Version: 1.0.6

Storm Metrics

Storm exposes a metrics interface to report summary statistics across the full topology. It's used internally to track the numbers you see in the Nimbus UI console: counts of executes and acks; average process latency per bolt; worker heap usage; and so forth.

Metric Types

Metrics have to implement IMetric which contains just one method, getValueAndReset -- do any remaining work to find the summary value, and reset back to an initial state. For example, the MeanReducer divides the running total by its running count to find the mean, then initializes both values back to zero.
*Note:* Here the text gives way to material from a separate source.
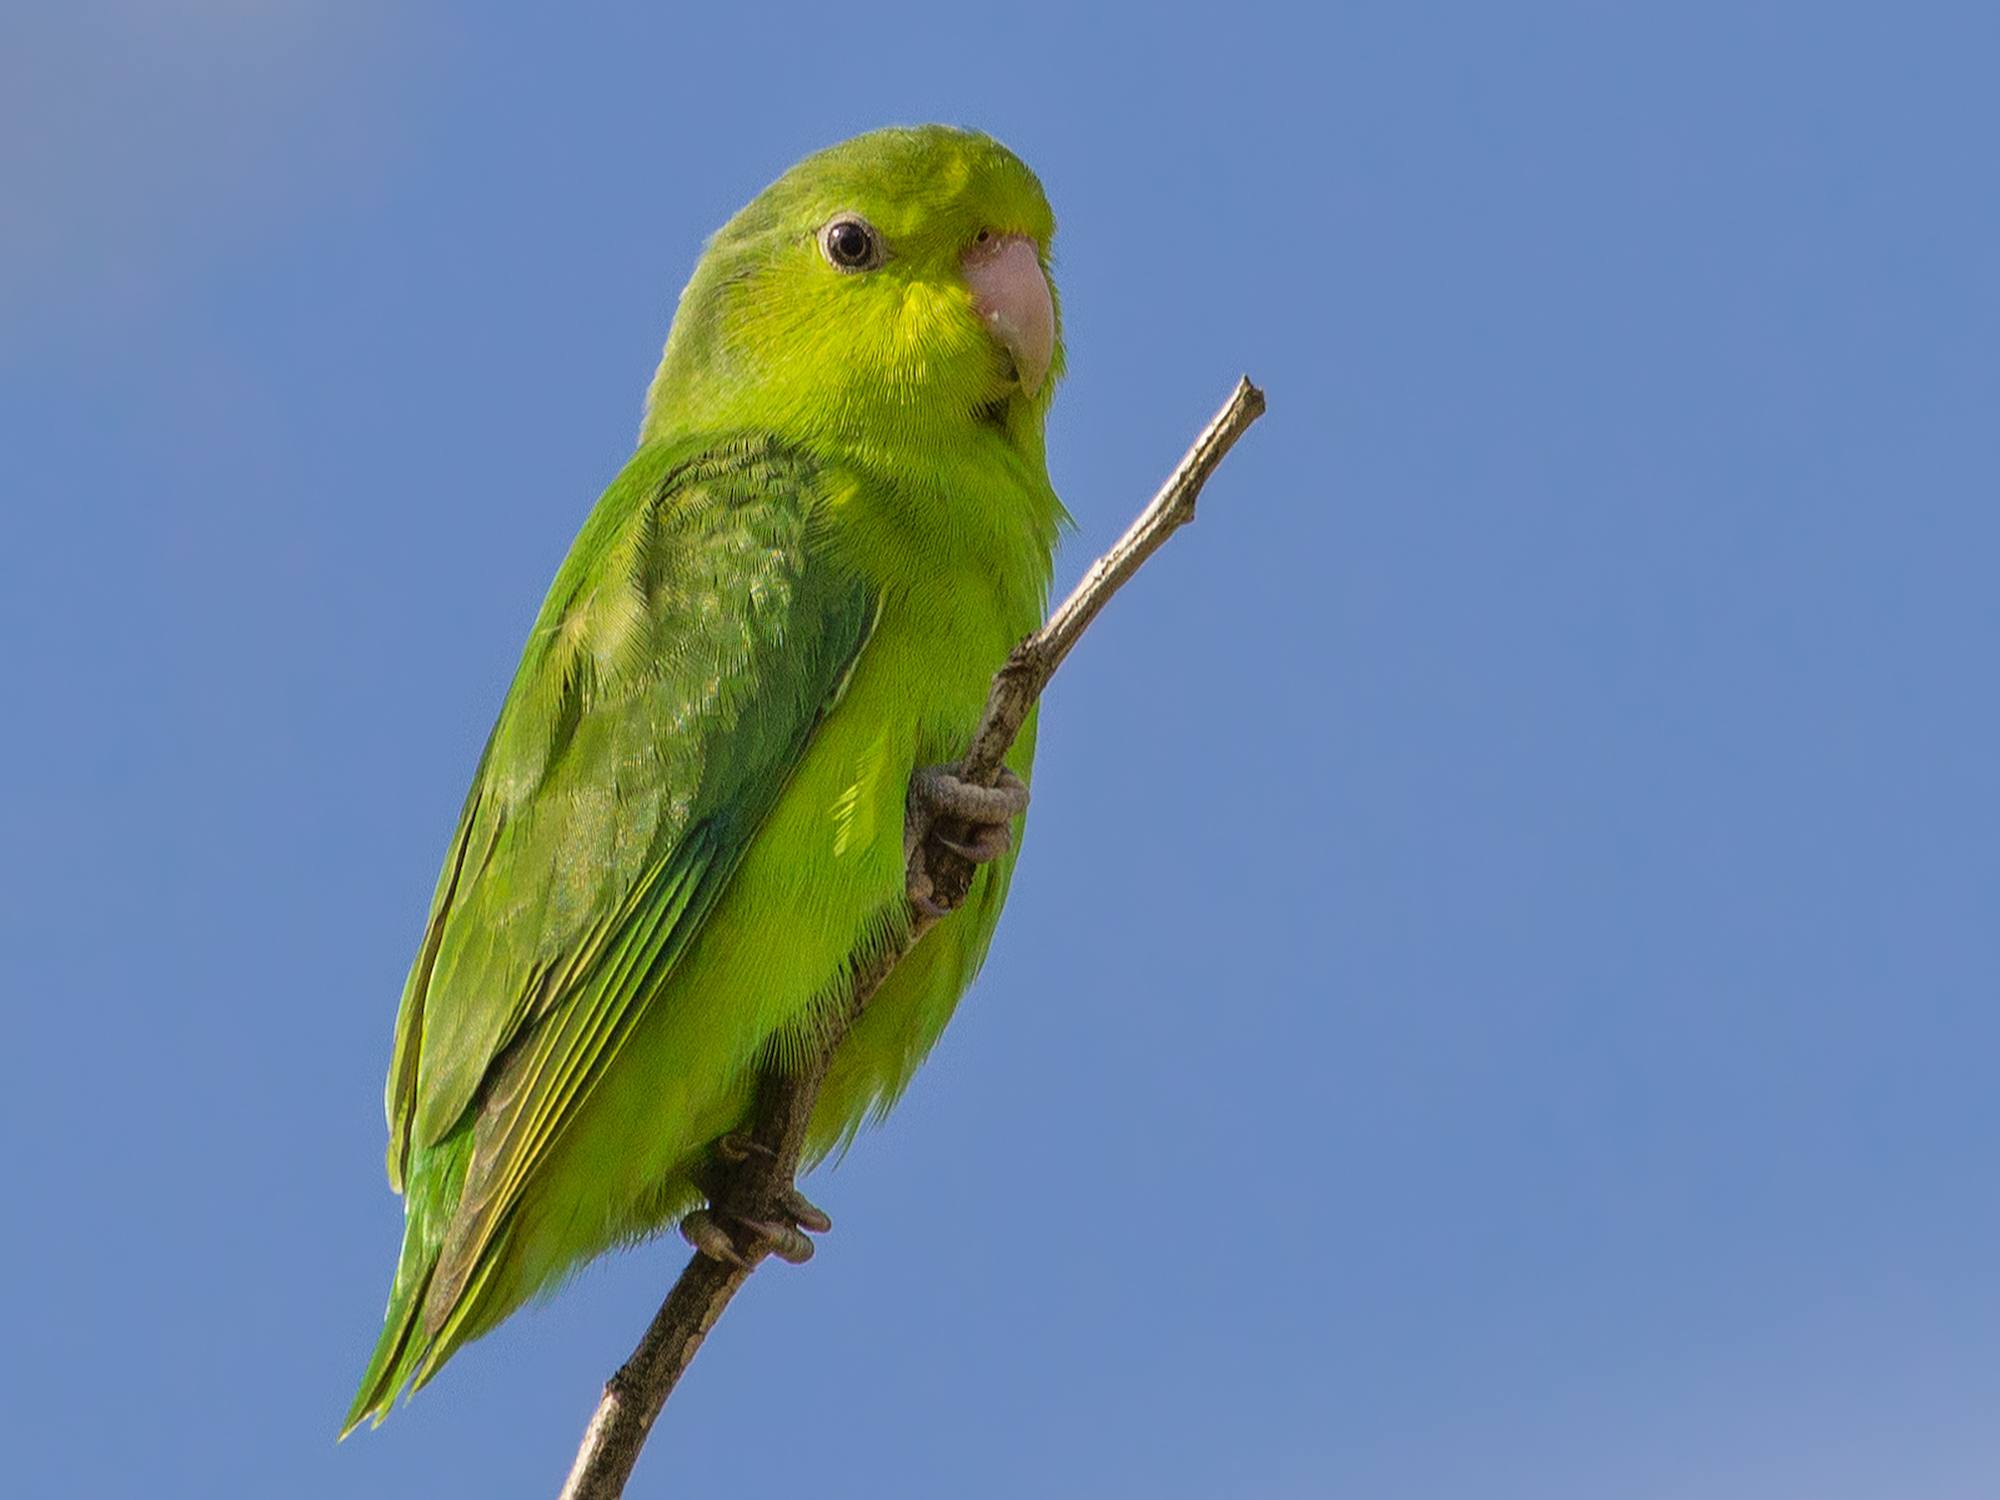 Green parrotlet standing on a branch near the tip

Storm gives you these metric types:

  • AssignableMetric -- set the metric to the explicit value you supply. Useful if it's an external value or in the case that you are already calculating the summary statistic yourself.
  • CombinedMetric -- generic interface for metrics that can be updated associatively.
  • CountMetric -- a running total of the supplied values. Call incr() to increment by one, incrBy(n) to add/subtract the given number.
  • ReducedMetric
    • MeanReducer -- track a running average of values given to its reduce() method. (It accepts Double, Integer or Long values, and maintains the internal average as a Double.) Despite his reputation, the MeanReducer is actually a pretty nice guy in person.
    • MultiReducedMetric -- a hashmap of reduced metrics.

Metrics Consumer

You can listen and handle the topology metrics via registering Metrics Consumer to your topology.

To register metrics consumer to your topology, add to your topology's configuration like:

conf.registerMetricsConsumer(org.apache.storm.metric.LoggingMetricsConsumer.class, 1);

You can refer Config#registerMetricsConsumer and overloaded methods from javadoc.

Otherwise edit the storm.yaml config file:

  - class: "org.apache.storm.metric.LoggingMetricsConsumer"
    parallelism.hint: 1
  - class: "org.apache.storm.metric.HttpForwardingMetricsConsumer"
    parallelism.hint: 1
    argument: ""

Storm appends MetricsConsumerBolt to your topology per each registered metrics consumer internally, and each MetricsConsumerBolt subscribes to receive metrics from all tasks. The parallelism for that Bolt is set to parallelism.hint and component id for that Bolt is set to __metrics_<metrics consumer class name>. If you register same class name more than once, postfix #<sequence number> is appended to component id.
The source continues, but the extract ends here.